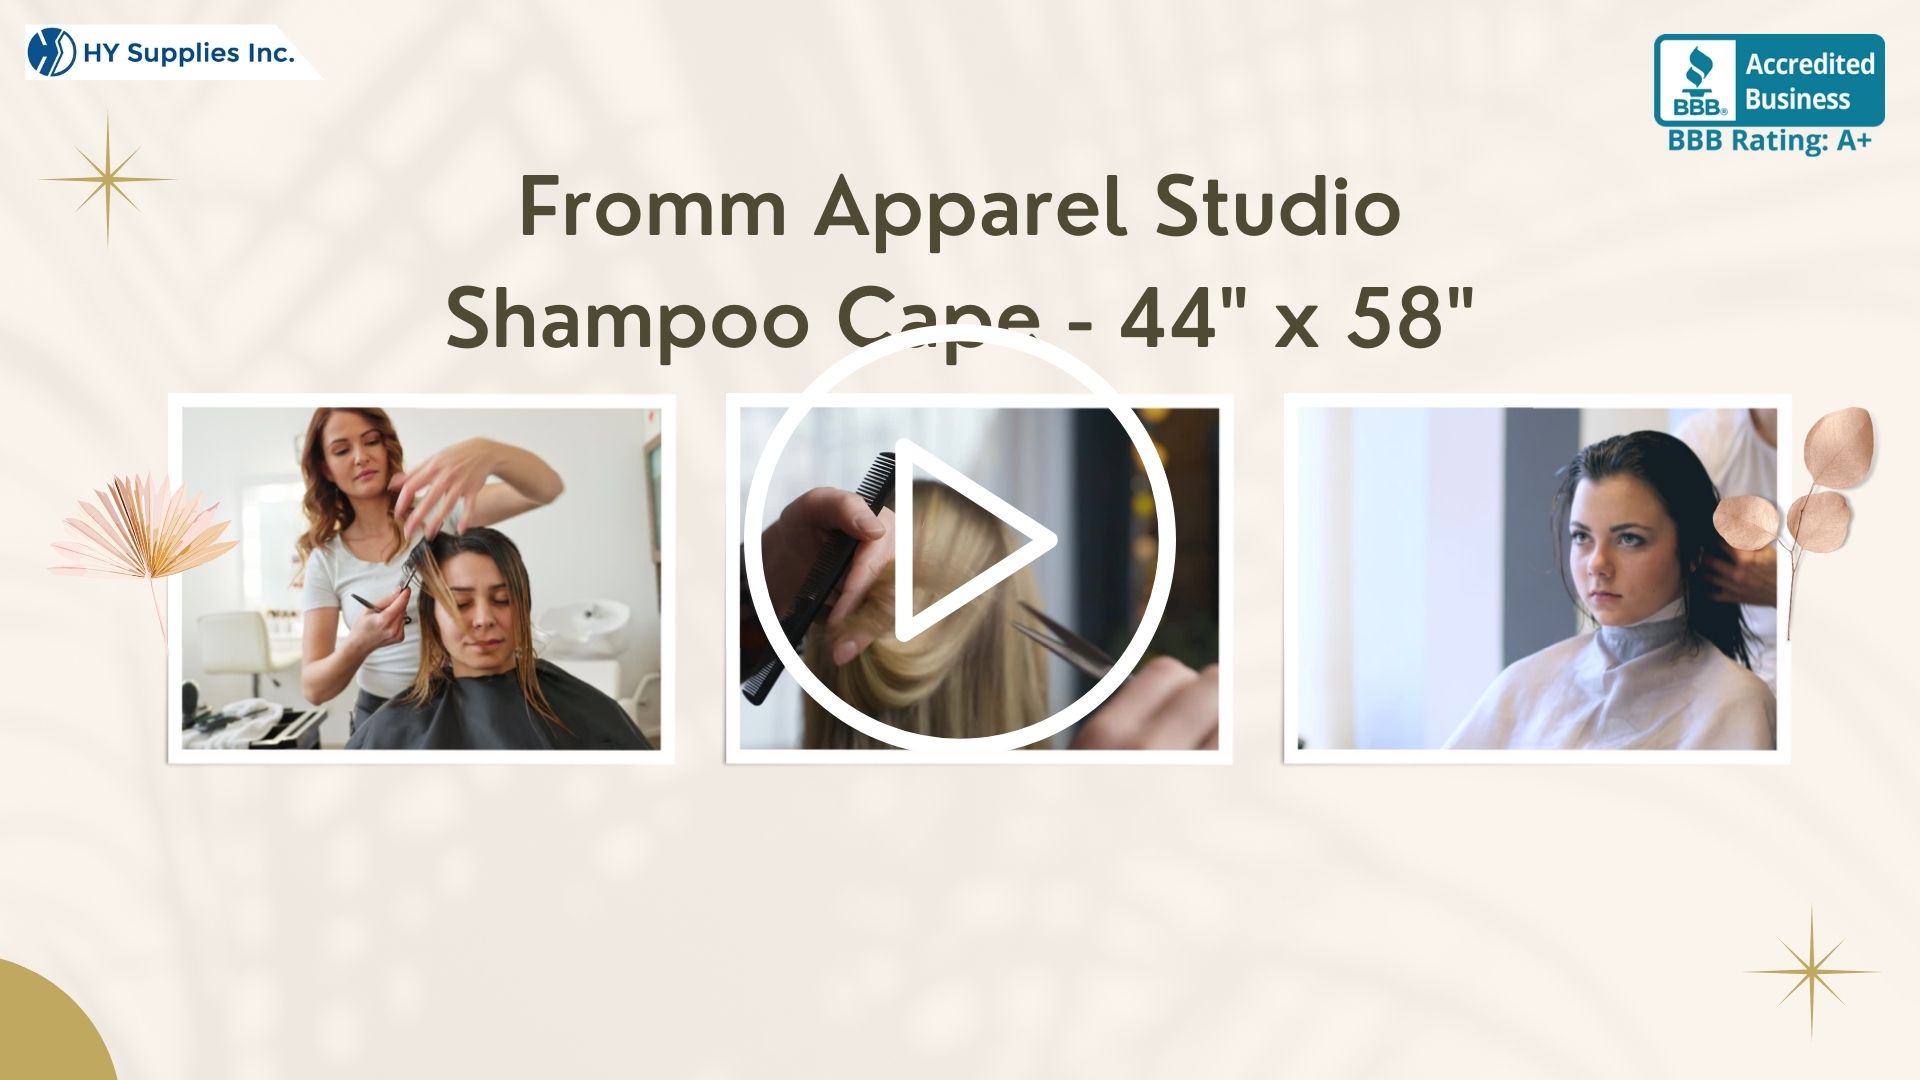 Fromm Apparel Studio Shampoo Cape - 44" x 58"
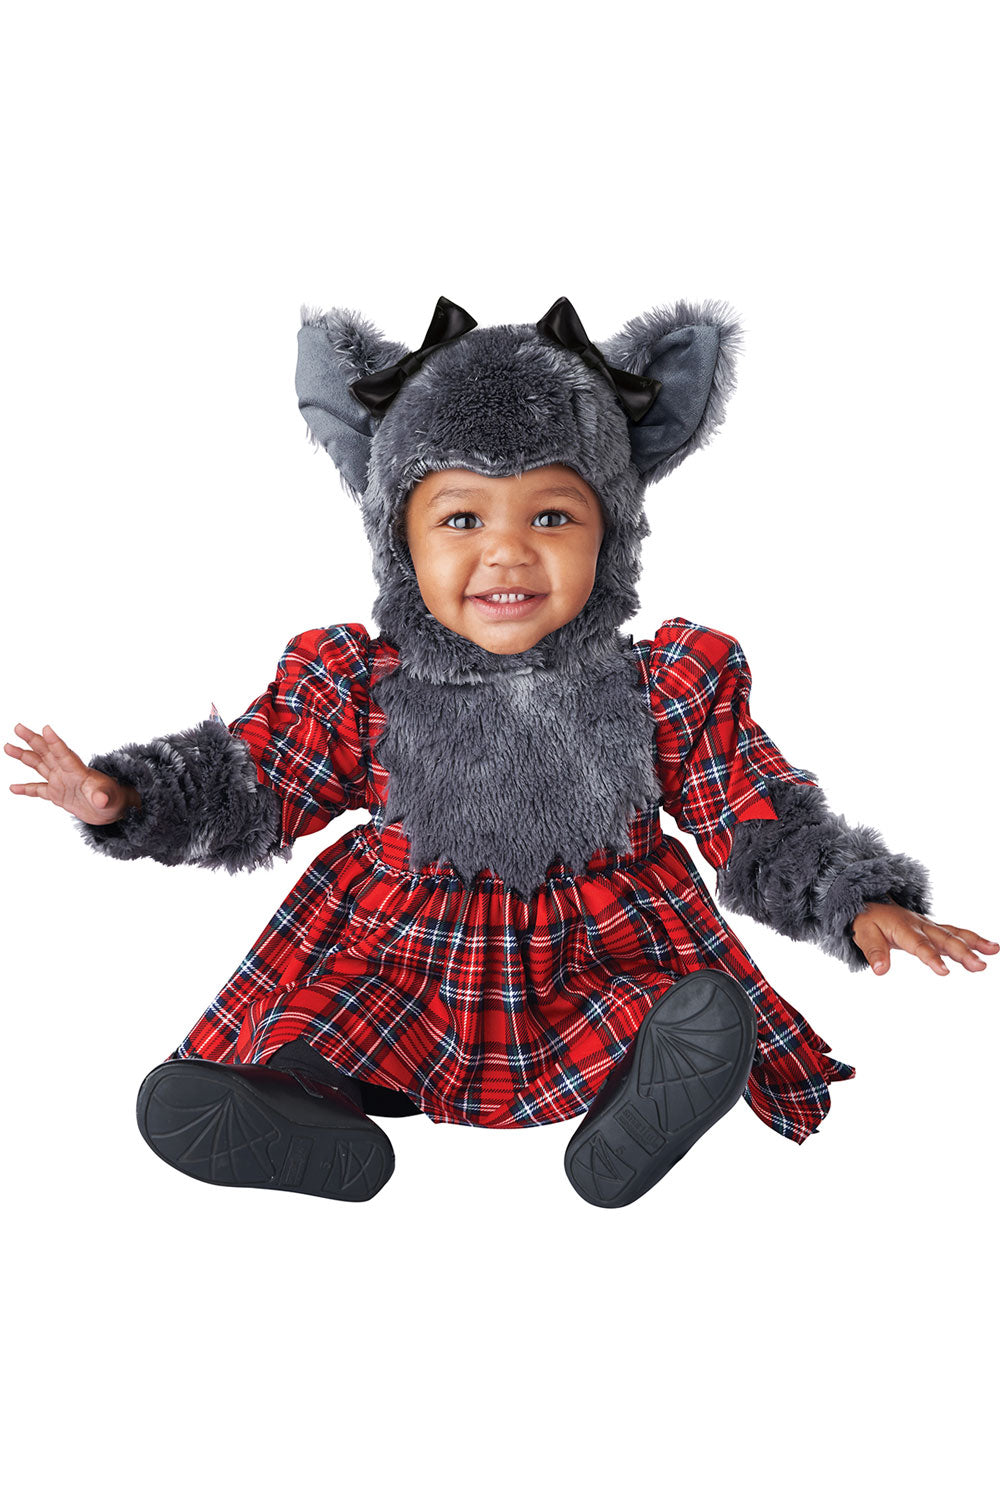 Teeny Weeny Werewolf / Infant California Costume 1020/090
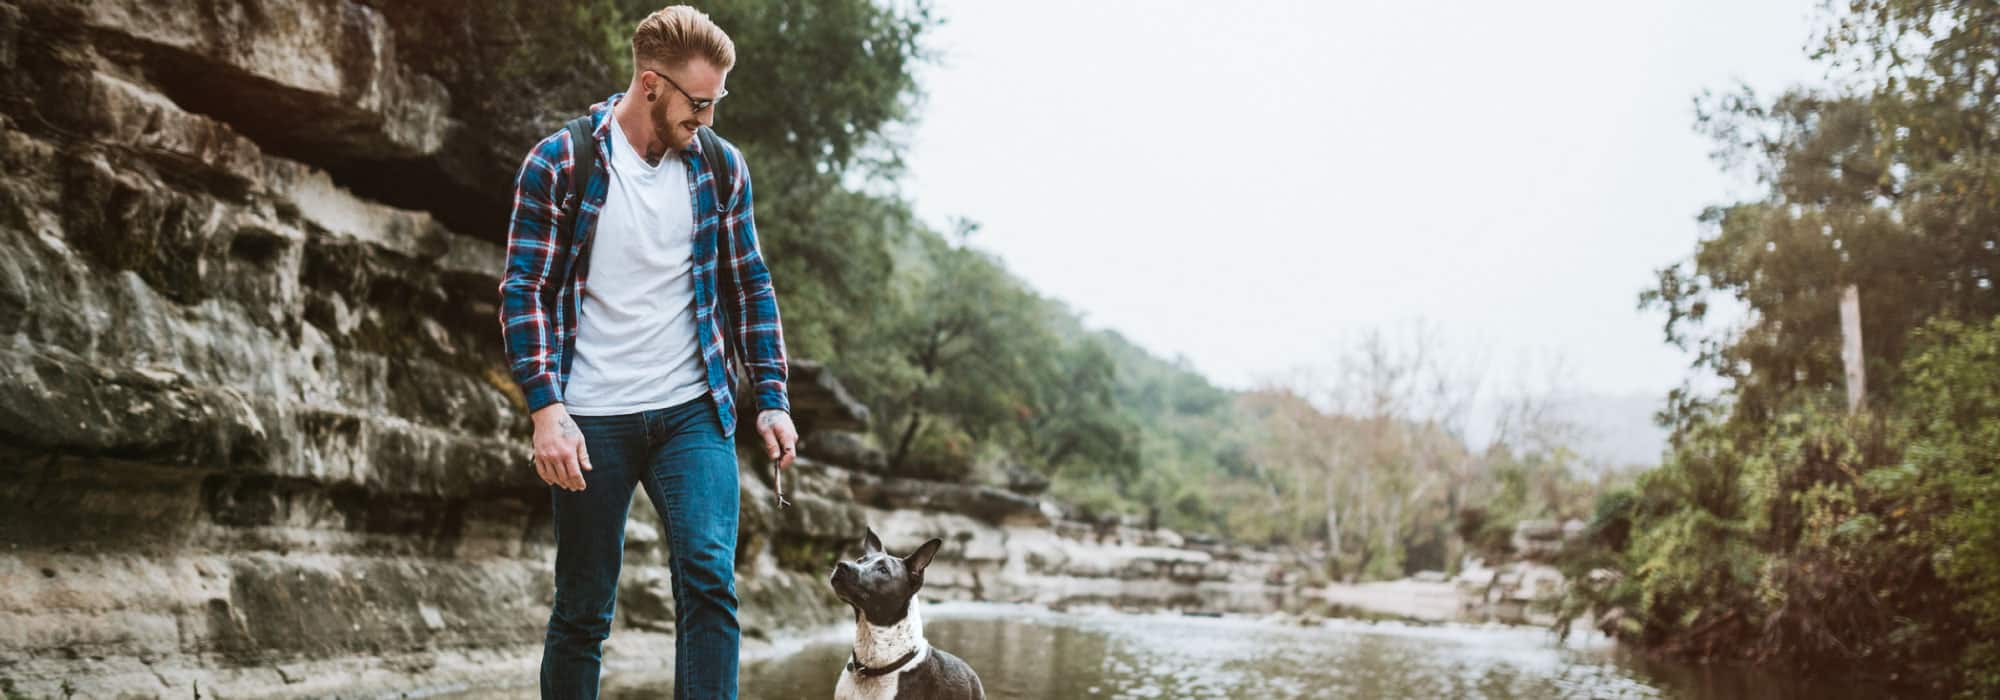 A man walks through a creek with a dog.
◇ ◇ ◇ ◇
* _TASK DESCRIPTION_
Transcribe exactly the lines above, running from the one that contains "Teeny Weeny Werewolf" through the final line of the listing, and skip every picture.

* _YOUR RESPONSE_
 Teeny Weeny Werewolf / Infant California Costume 1020/090
 A man walks through a creek with a dog.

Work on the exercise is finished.